A leaner hedge fund industry will prevail this year, with new hedge funds facing a challenging fundraising environment as prime brokerages and administrators battle to maintain or increase margins, according to Eurekahedge.

The Singapore-based data provider forecasts that the number of fund launches in 2012 will be similar to the 130 launched last year, but down from the 183 new funds seen in 2010. Net inflows are expected to reach $5 billion this year, bringing total industry assets to more than $140 billion by end-2012 – up from the current $125 billion, but short of 2007’s all-time high of $176 billion.

In a bid to raise capital, smaller funds that are launching are likely to offer lower fees than the standard 20% performance fee and 2% management fee, says Farhan Mumtaz, Eurekahedge senior analyst. In 2011, the average fees charged by Asian hedge funds were 18.71% for performance and 1.49% for management, down from 19.08% and 1.84% charged in 2007, when the industry was at a peak.

However, some new funds launched by established and well-known hedge fund managers “tend to have financial backers and also higher fees” than the average, notes Mumtaz.

This year could also see consolidation and some downsizing within the prime brokerage industry as margins come under pressure in a competitive environment. Incomes could be squeezed unless Asian hedge fund assets increase significantly, or prime brokers increase their service charges or provide more leverage, says Mumtaz.

At the end of last year, leverage had reached a near low in the industry, as lenders became adverse to risk, according to one Hong Kong-based prime brokerage executive from a large international bank.

Large prime brokers with a sizable pool of existing clients should fare relatively well, Mumtaz says, but “new prime brokers have not had a very good year in 2011 and we wouldn’t be surprised if they downsize or stop their Asian business outright”.

BNP Paribas, which in mid-2011 announced plans to build out its prime brokerage business globally, had reportedly laid off several employees from its US unit in December, putting its plans to expand in Asia – which it had viewed as a key market – in question. The bank, which employs about 300 staff worldwide for its prime brokerage business, did not reply to requests for comment by AsianInvestor.

Margins are also under pressure with the emergence in the industry of banks such as HSBC, Barclays and JP Morgan, which have committed to shoring up prime brokerage operations in Asia in the past year. However, only two prime brokerages in Asia – those of banks Goldman Sachs and Morgan Stanley – had more than a 20% market share while UBS had 13% as of August 2011, leaving the remainder with less than 10% each, according to Eurekahedge.

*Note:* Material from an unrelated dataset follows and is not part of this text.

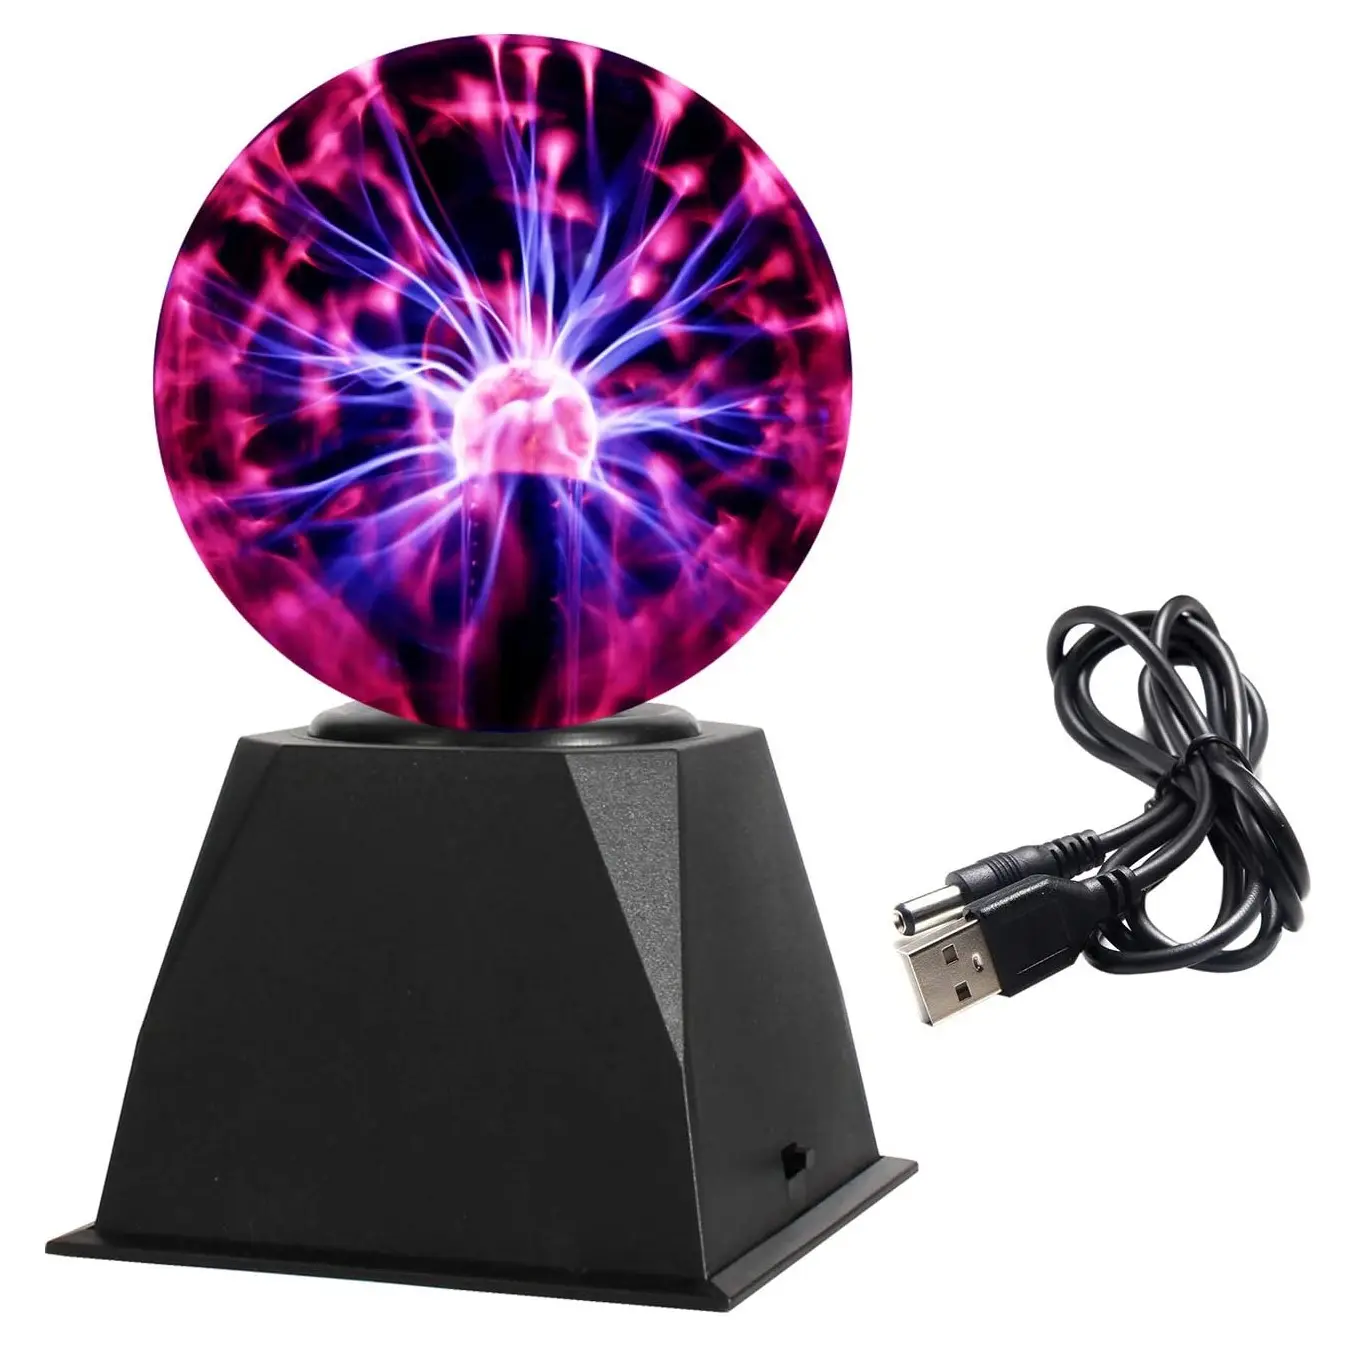 5 Inch Magic Plasma Ball Lamp - Touch & Sound Sensitive Interactive USB Powered Nebula Sphere Globe, Science Educational Gift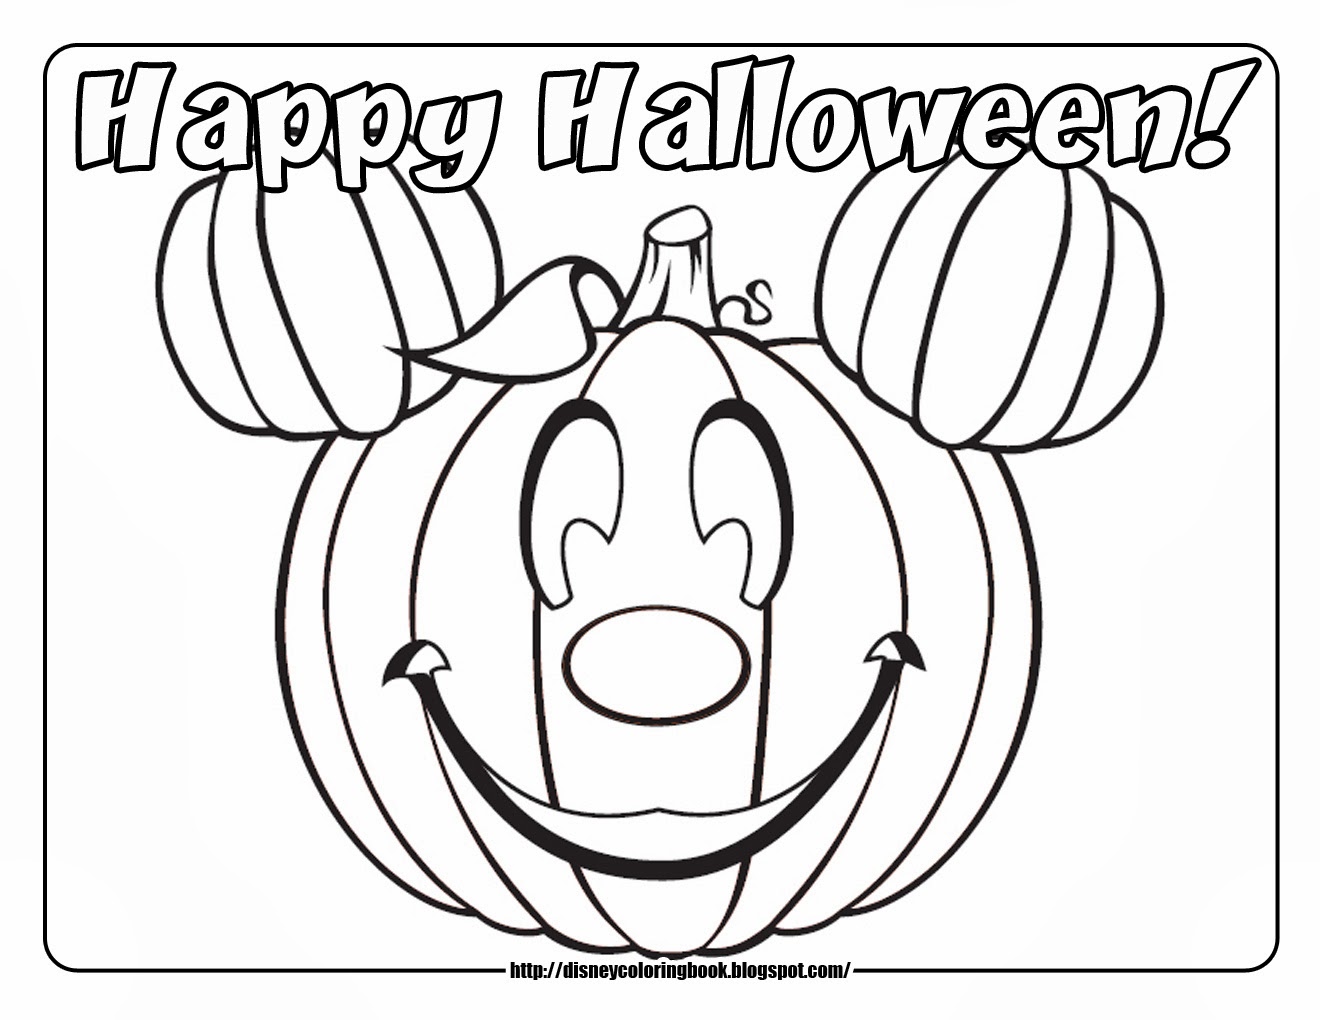 Halloween Coloring Pages - Free Printable - Minnesota Miranda

Smaller prime brokerages – even those that are a unit of large bank – could face closure, says Mumtaz, as “clients move to larger and more established prime brokerages”.

Hedge fund administrators will also face challenges in gaining margins this year, as their business is directly linked to the size of their clients’ funds. As Asian funds are relatively smaller than those in the US and Europe, it creates a highly competitive environment where administrators vie for the biggest new funds being launched.

New competitors are adding to the pressure, with Deutsche Bank and UBS having launched administration services for alternative funds in Asia last year.

“Barriers are very high for new administrators and prime brokerages, as the only clients available are new hedge fund launches, which will struggle to raise assets,” says Mumtaz.

However, those who can weather the environment will gain a foothold in a region that is set for growth. “Asia will always be popular and most agree that whatever happens in the future, Asia will bounce back stronger and quicker than Europe and the US,” notes Mumtaz.